In every org I've worked with, we had a local dependency mirror in the GitOps architecture.

robertlagrant

Lots of places use a cache like Artifactory so they don't get slammed with costs, and are resilient to network outages and dependency builds vanishing.

Spivak

I really don't want to go back to the old world where every part of your build is secretly stateful and fails in mysterious hard to reproduce ways.

You can and should have your own caching proxy for all your builds but local caches are evil.

Terr_

Yeah, I would also note that in addition to speed/transfer-costs, having an organizational package proxy is useful for reproducibility and security.

sd9

The final pro/cons list: https://github.com/npm/rfcs/pull/595#issuecomment-1200480148

I don't find the cons all that compelling to be honest, or at least I think they warrant further discussion to see if there are workarounds (e.g. a choice of compression scheme for a library like typescript, if they would prefer faster publishes).

It would have been interesting to see what eventually played out if the author hadn't closed the RFC themselves. It could have been the sort of thing that eventually happens after 2 years, but then quietly makes everybody's lives better.

jerf

"I don't find the cons all that compelling to be honest"

This is a solid example of how things change at scale. Concerns I wouldn't even think about for my personal website become things I need to think about for the download site being hit by 50,000 of my customers become big deals when operating at the scale of npm.

You'll find those arguments the pointless nitpicking of entrenched interests who just don't want to make any changes, until you experience your very own "oh man, I really thought this change was perfectly safe and now my entire customer base is trashed" moment, and then suddenly things like "hey, we need to consider how this affects old signatures and the speed of decompression and just generally whether this is worth the non-zero risks for what are in the end not really that substantial benefits".

I do not say this as the wise Zen guru sitting cross-legged and meditating from a position of being above it all; I say it looking at my own battle scars from the Perfectly Safe things I've pushed out to my customer base, only to discover some tiny little nit caused me trouble. Fortunately I haven't caused any true catastrophes, but that's as much luck as skill.

Attaining the proper balance between moving forward even though it incurs risk and just not changing things that are working is the hardest part of being a software maintainer, because both extremes are definitely bad.
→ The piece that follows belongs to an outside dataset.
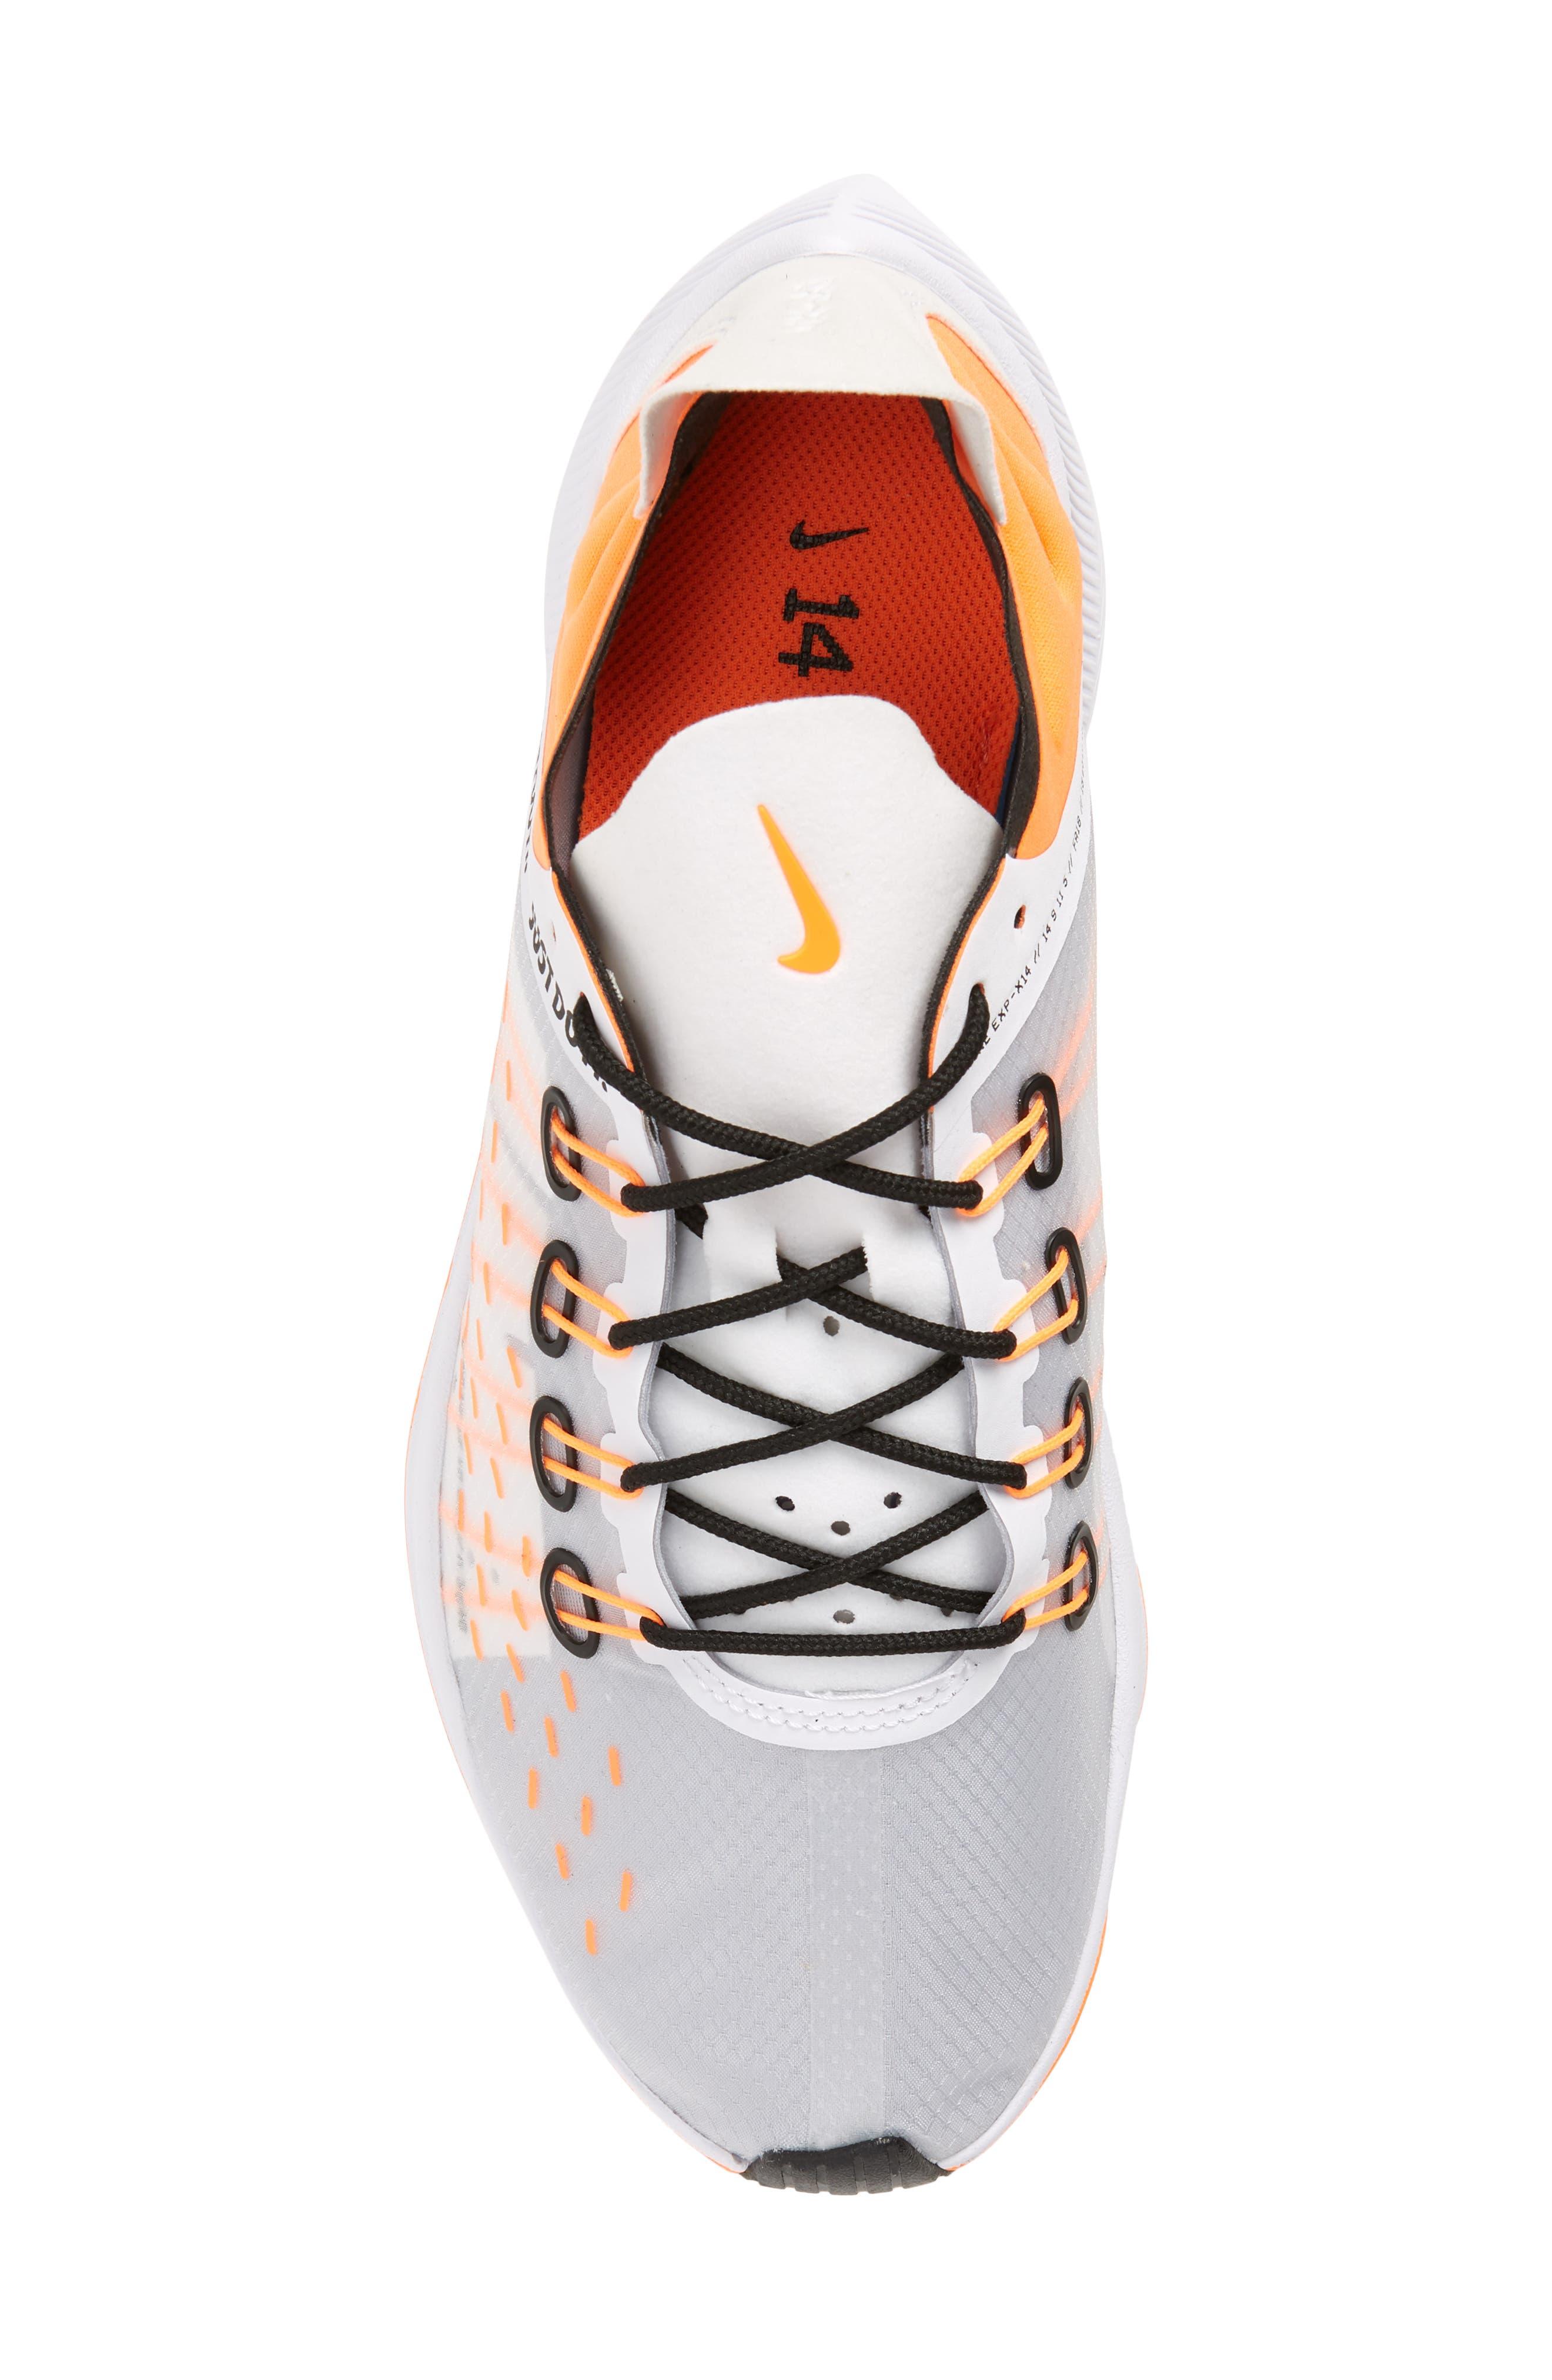 EXP-X14 Just Do It Sneaker,                             Alternate thumbnail 5, color,                             WHITE/ TOTAL ORANGE/ BLACK
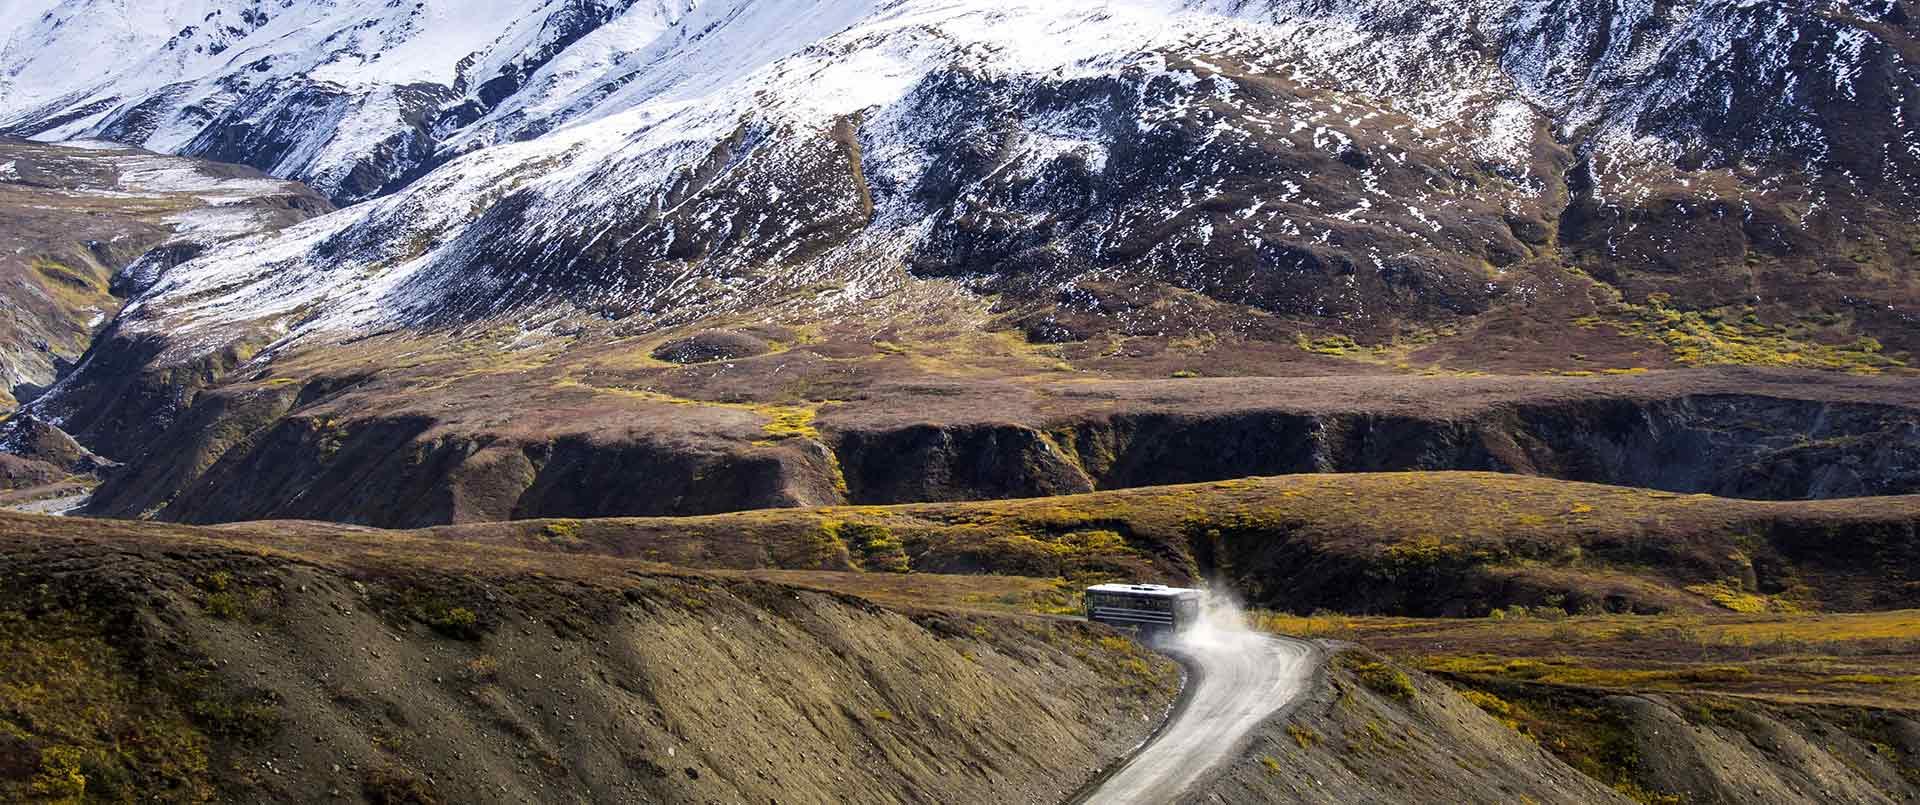 Wilderness and Wildlife - Alaska and the Yukon

Everyone tends to start out in the former situation, but then when they are inevitably bitten it is important not to overcorrect into terrified fear of ever changing anything.

pif

> This is a solid example of how things change at scale.

5% is 5% at any scale.

michaelmior

Yes and no. If I'm paying $5 a month for storage, I probably don't care about saving 5% of my storage costs. If I'm paying $50,000/month in storage costs, 5% savings is a lot more worthwhile to pursue

gregmac

5% off your next lunch and 5% off your next car are very much not the same thing.

horsawlarway

5% of newly published packages, with a potentially serious degradation to package publish times for those who have to do that step.

Given his numbers, let's say he saves 100Tb of bandwidth over a year. At AWS egress pricing... that's $5,000 total saved.

And arguably - NPM is getting at least some of that savings by adding CPU costs to publishers at package time.

Feels like... not enough to warrant a risky ecosystem change to me.

syncsynchalt

In some scenarios the equation flips, and the enterprise is looking for _more_ scale.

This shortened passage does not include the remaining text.